Begin the copy at the line containing "August Shopify theme" in the data below and end it at the line containing "Printable Church Visitor Card Template", keeping each line exact and leaving out pictures.
*** Opening INPUT DATA ***
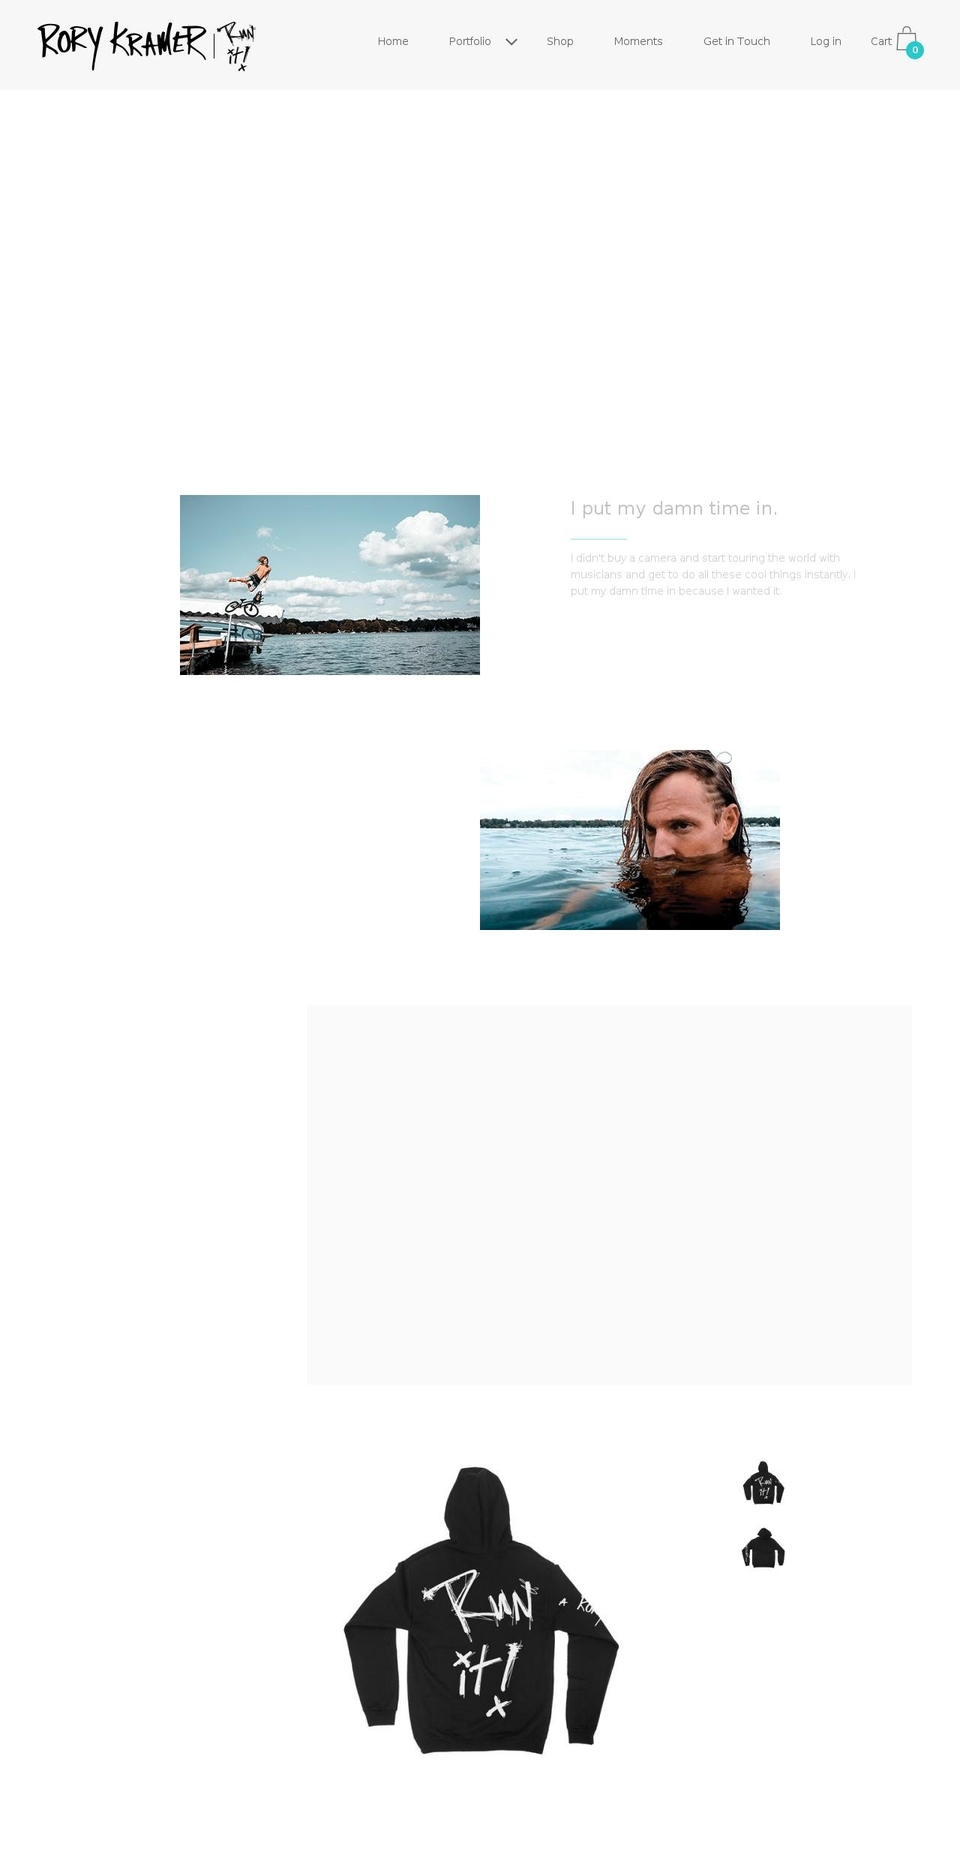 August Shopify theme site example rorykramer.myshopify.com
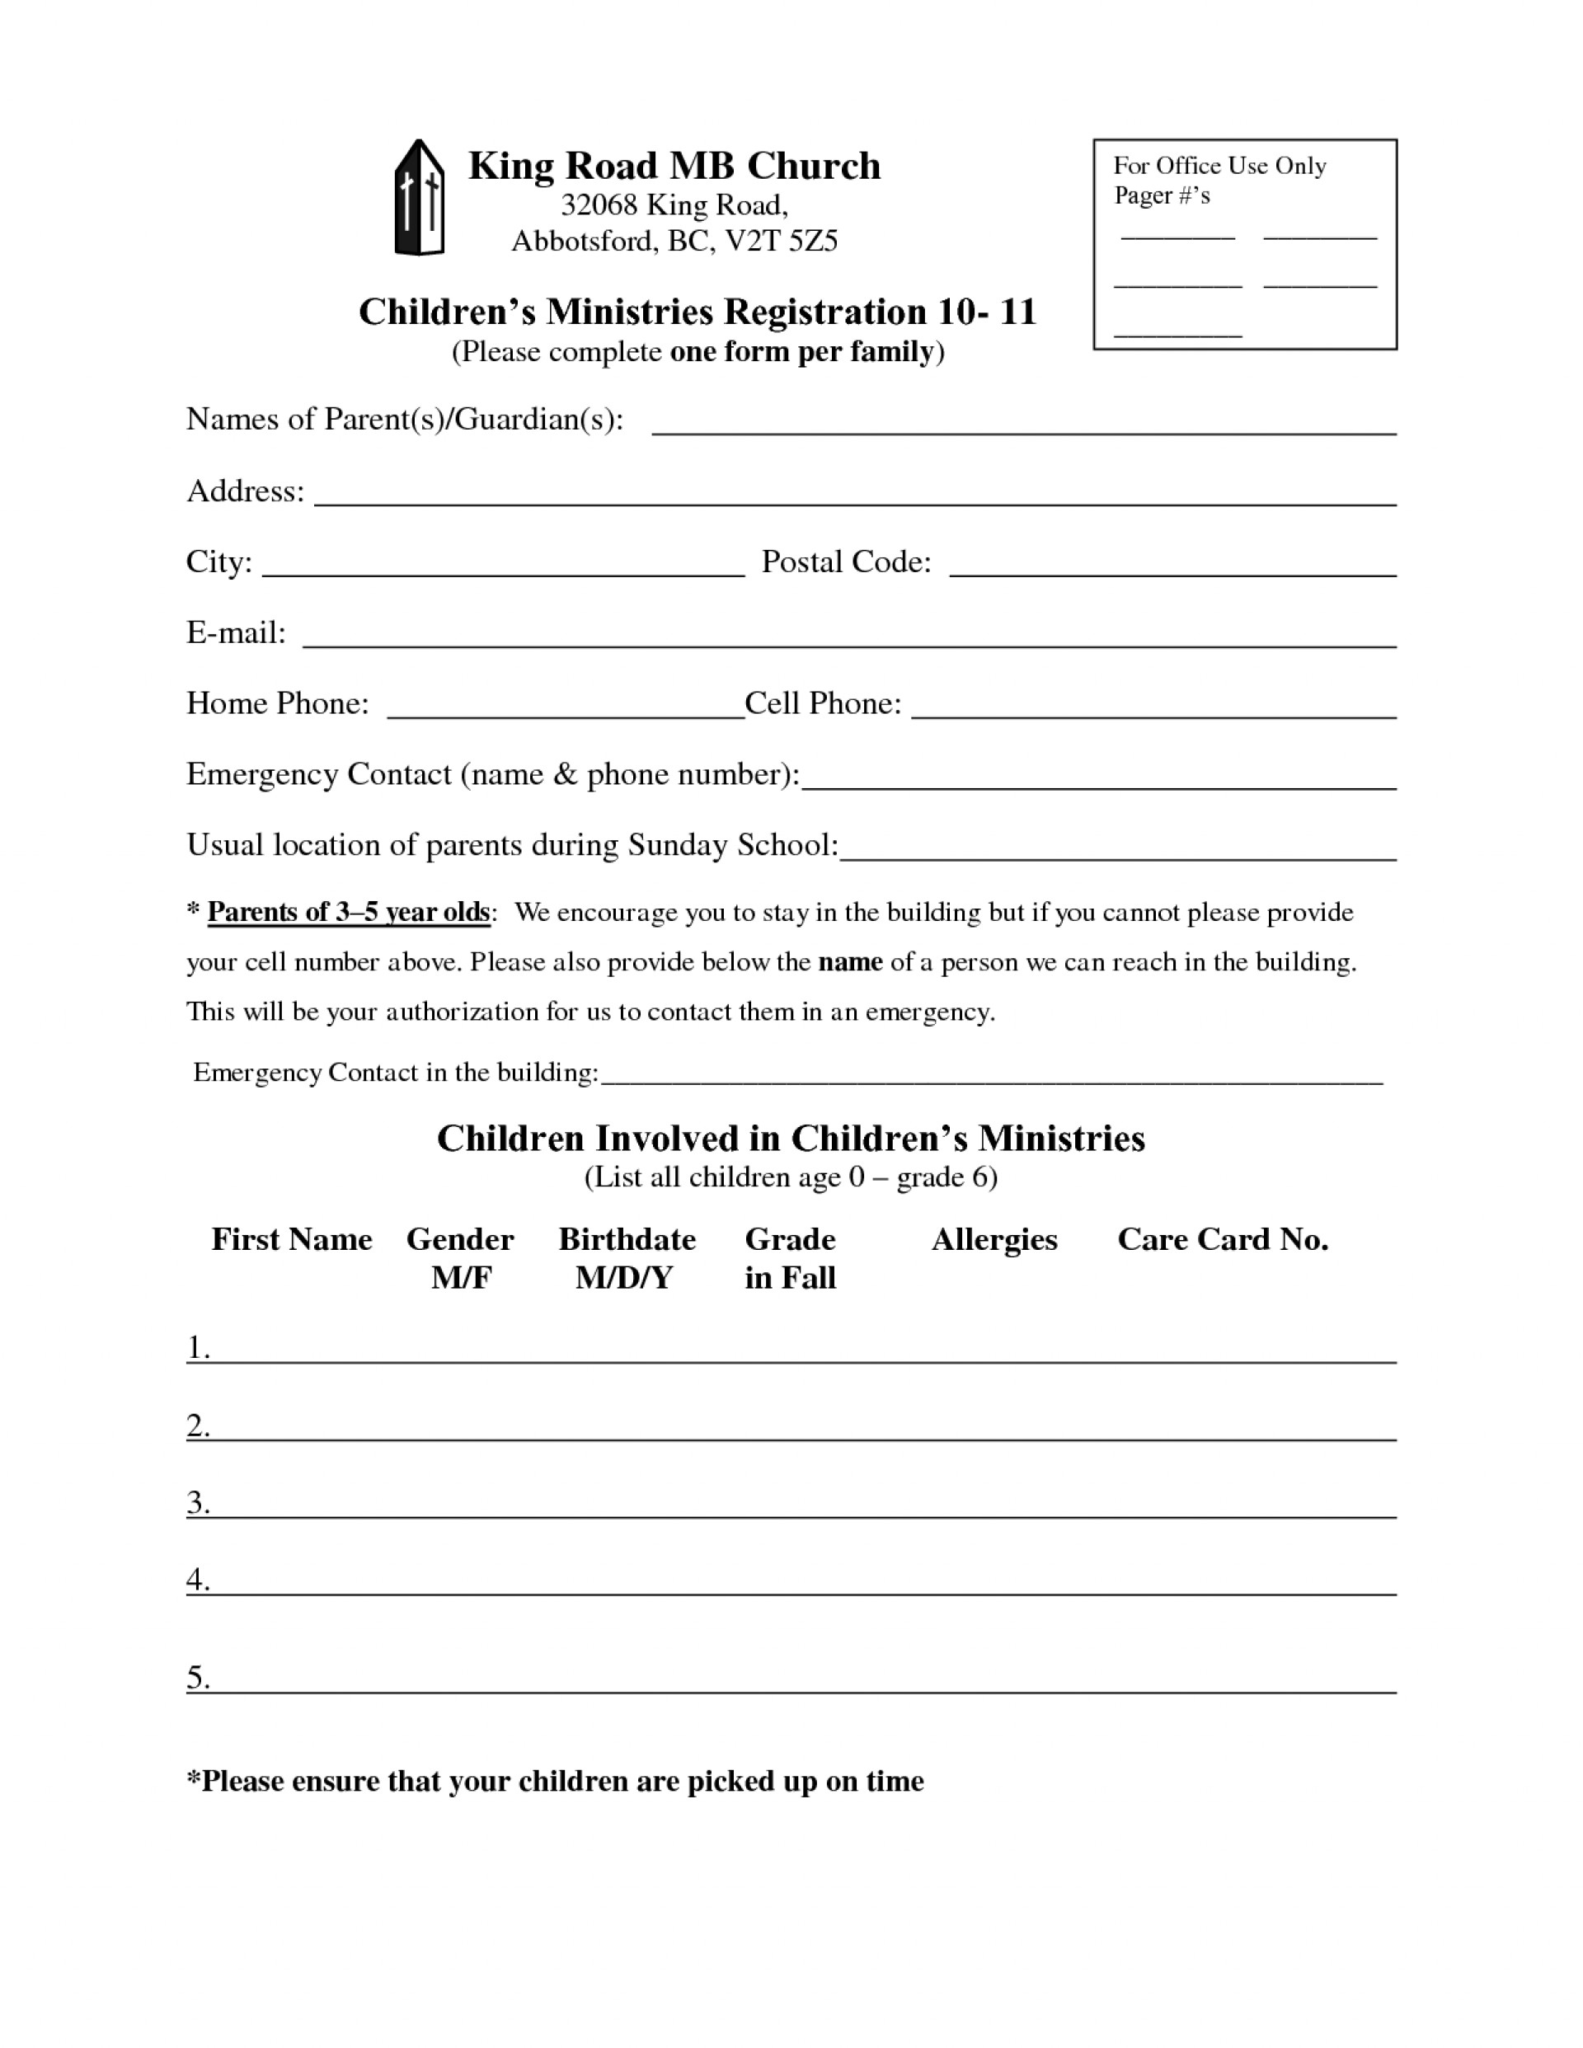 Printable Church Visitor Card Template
*** Closing INPUT DATA ***
*** Opening INPUT DATA ***
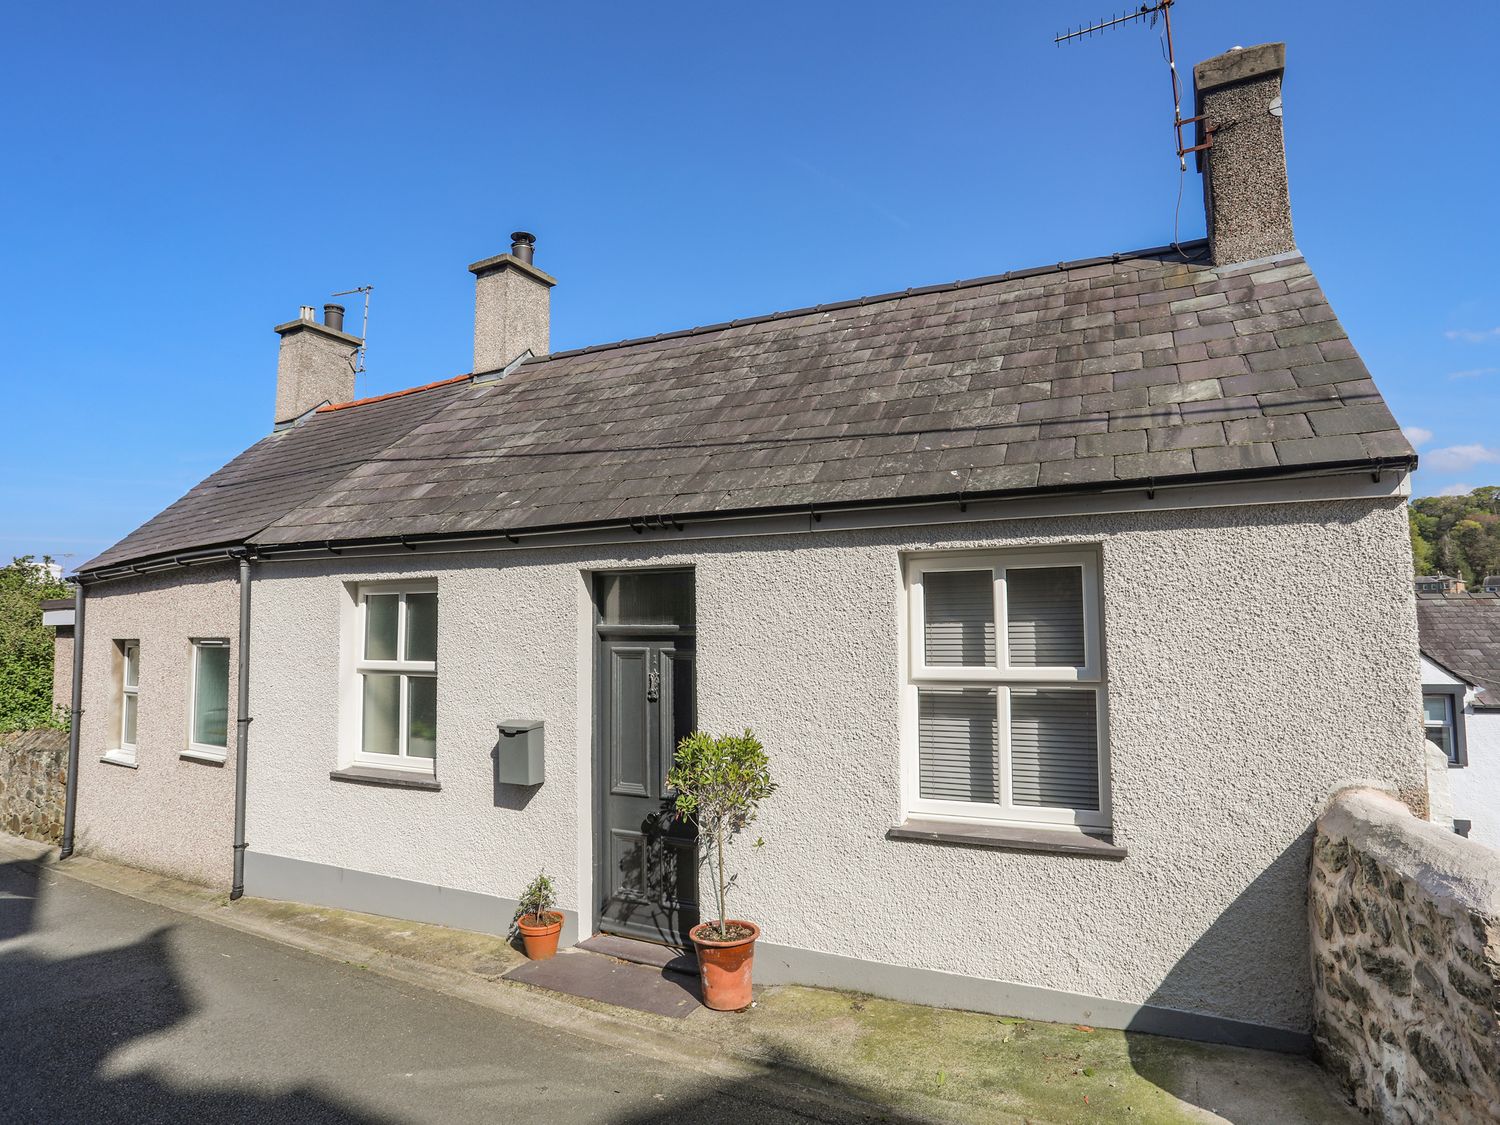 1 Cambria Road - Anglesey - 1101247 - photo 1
*** Closing INPUT DATA ***
*** Opening INPUT DATA ***
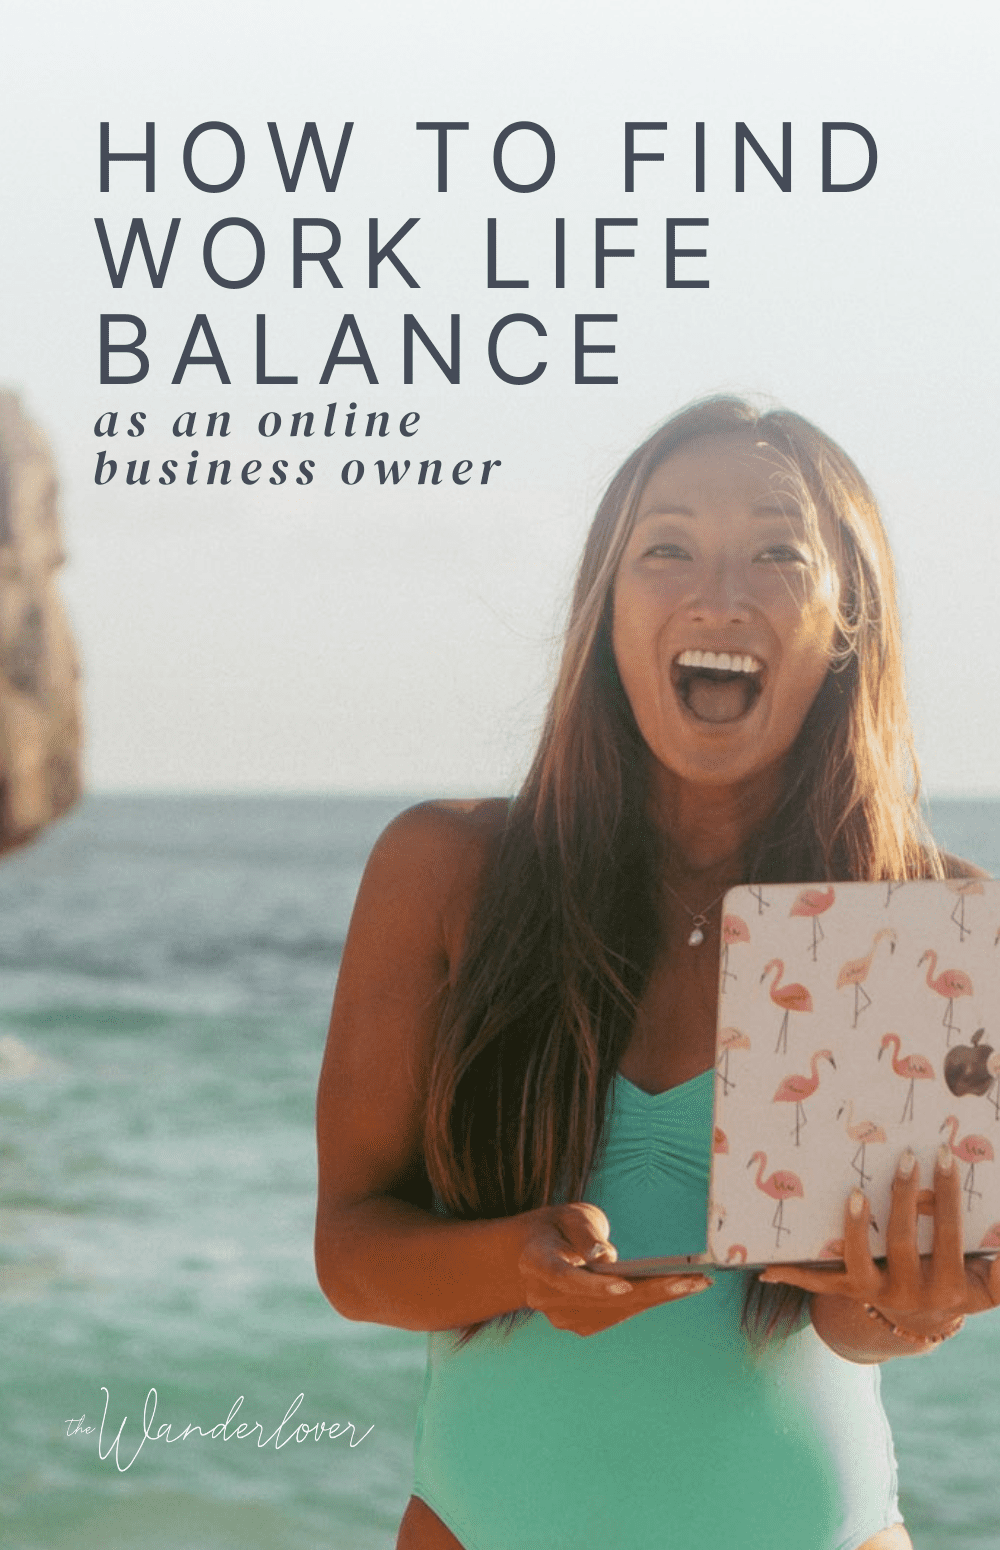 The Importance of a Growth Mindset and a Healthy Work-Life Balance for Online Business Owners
*** Closing INPUT DATA ***
*WRITTEN REPLY*
 August Shopify theme site example rorykramer.myshopify.com
 Printable Church Visitor Card Template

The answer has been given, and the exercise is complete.